While this API may be well-suited to certain scenarios, in many cases it introduced subtle, hard-to-diagnose bugs. Identifying and fixing these bugs unfortunately required users to climb a steep learning curve of concepts they almost never care about—they just want to take an existing model and make it faster, not become an expert along the way in syncronization primtivies.

The second issue dealt with the challenge of computing at Uber's scale. After running a few benchmarks, we found that we could not get the standard distributed TensorFlow to scale as well as our services required. For example, we lost about half of our resources due to communication overhead when training on 128 GPUs.
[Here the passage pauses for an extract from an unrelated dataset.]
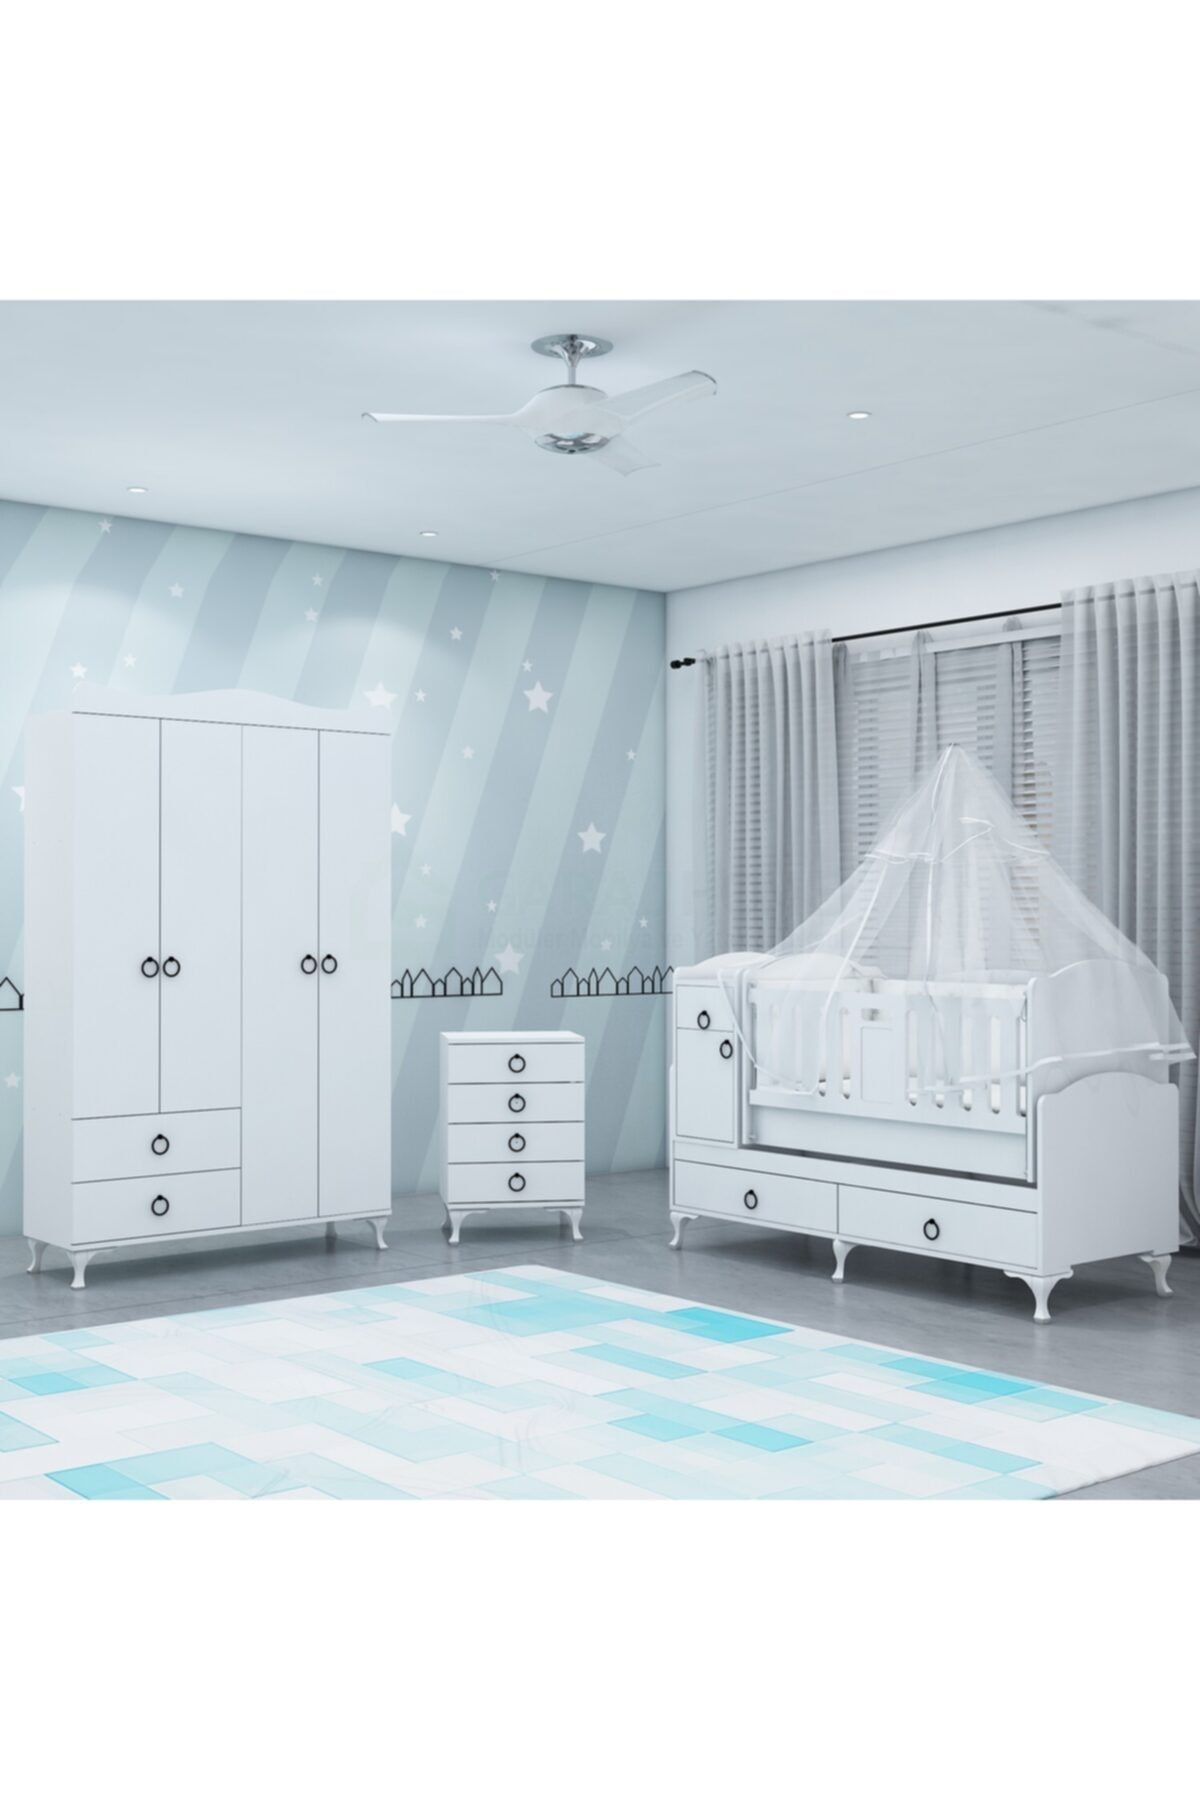 Garaj Home Sude Asansörlü Yıldız 4 Kapaklı Bebek Odası Takımı - Yatak Ve Uyku Seti Kombinli- Uykuseti Beyaz

**Figure 1:** Multi-GPU scaling performance using TensorFlow. When comparing images processed per second while running the standard TensorFlow benchmarking suite on NVIDIA Pascal GPUs (ranging from 1 to 128) with both the Inception V3 and ResNet-101 TensorFlow models to theoretically ideal scaling (computed by multiplying the single-GPU rate by the number of GPUs), we were unable to take full advantage of our hardware resources.

When we ran the standard TensorFlow benchmarking suite [5] on 128 NVIDIA Pascal GPUs, showcased in Figure 1, we observed that both the Inception V3 and ResNet-101 models were were unable to leverage nearly half of our GPU resources.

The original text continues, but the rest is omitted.